Migrants were also confronted with false allegations, accusations and victimization by their employers as attested by46percent (n=50) of the respondents. These accusations were mainly related to lost property or stealing from work[4]. The accusations coasted the Maasai migrants dearly both in terms of financial and time resources, as stated by this male migrant:
I think exploitation will never go away from us. For example, when my boss noticed that I had bought the motorcycle he simply concluded that I had stolen from him and so he reduced my salary from Tsh 120, 000 to Tsh 90,000)”. This has been a big blow to me as it sounds like working for the benefit of other people and not realizing my own dreams. (Male Maasai youth migrant (31), Dar es Salaam)
.... He also told us that he could not send us anything because some property got lost at the shop where he was formerly working as a security guard and his boss falsely held him responsible for it, and so he was imprisoned. Nevertheless, later on, the actual victims were found out and he was released from the prison. He was not compensated anything by his boss [employer].He then decided to look for another work.(Household Representative, Male (43) Ngorongoro Arusha).
These findings are supported by other former studies justifying that Maasai migrant workers would be implicated with frauds that even took place at the work place on the days when they were not on duty{Riley 2012 #3}. Moreover, migrants would be harassed and humiliated by police and their job contracts terminated without being given an opportunity to defend themselves {Ole Kaunga 2007 #19}.
Migrants were also confronted with the problem of arbitrary job termination. This means that the migrants were kicked out of jobs as it pleased their employers mainly in connection with the disappearance of some items, or not showing up for work due to genuine reasons such as being sick, etc. This even occurred in instances where the migrants were not at all responsible for such faults. This consequently forced migrants to survive under extremely challenging economic situations, as attested by one of them:
What I am experiencing is simply mistreatment because, as I have told you, the mzungu[a white employer] chased me away simply because of one day mistake which I even committed it for the first time, (...). Ialso used to receive my salary very late which was at the same time very little. Tsh 50,000 [the monthly salary he receives] is not enough to keep someone here in the city, because life is very hard.(Male Maasai youth migrant (27), Dar es Salaam)

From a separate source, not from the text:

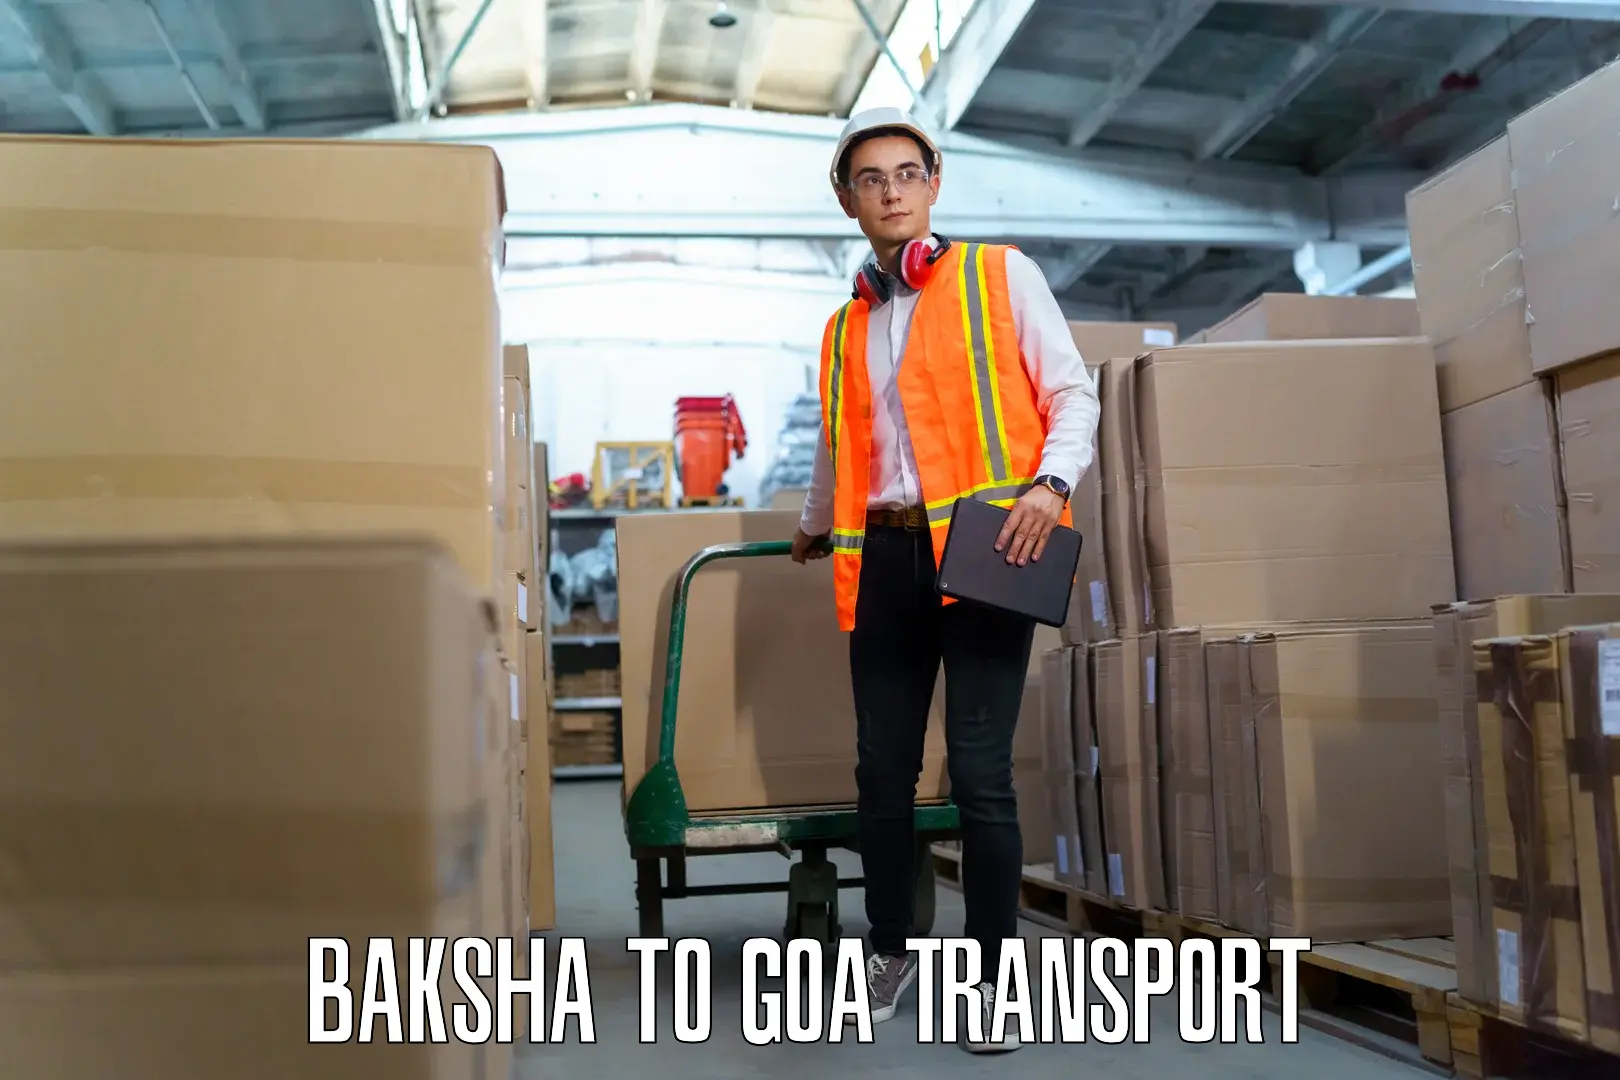 Daily transport service in Baksha to Vasco da Gama
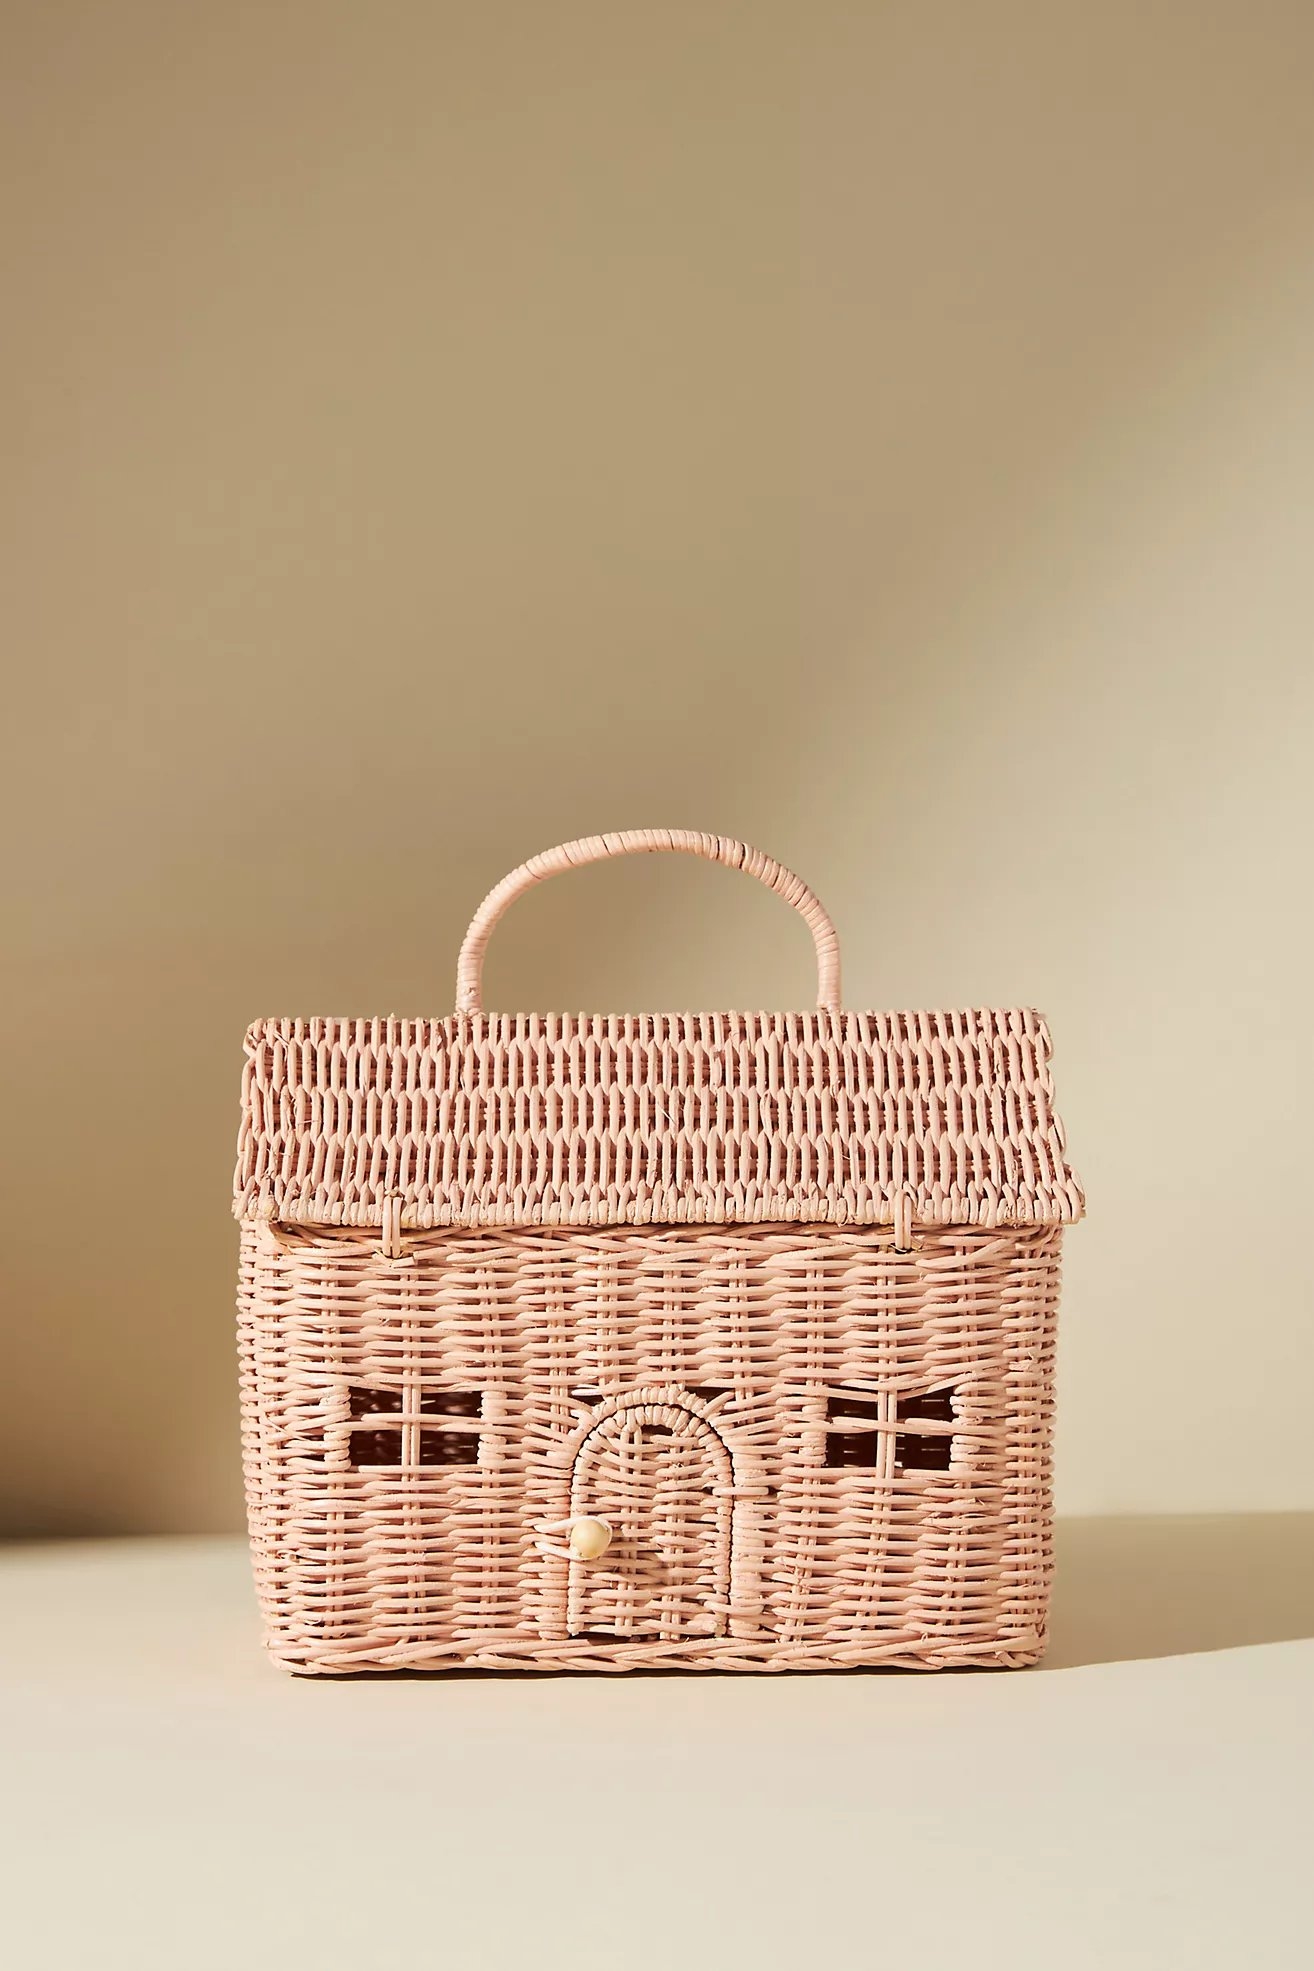 Olli Ella Dollhouse Basket By Olli Ella in Pink - Image 0

Another form of labour exploitation experienced by the migrants was denial of their job contracts. This happened because firstly, the migrants were ignorant of their right to job contracts. For instance, most of the migrants did not understand that a lack of job contracts would among other things jeopardise their employment rights, as portrayed by one of the migrants below:
I understand that having a contract will help me acquire my final employment benefits such as my pension. But the pension is nothing, I can deposit it [money] in a bank by myself and get it when I need it, (...) what is a pension after all? Benefits or pension are both money and I can have that money from friends or relatives once I need it and deposit it in a bank by myself, in case I need to do so. (Male Maasai Migrant youth (27), Dar es Salaam)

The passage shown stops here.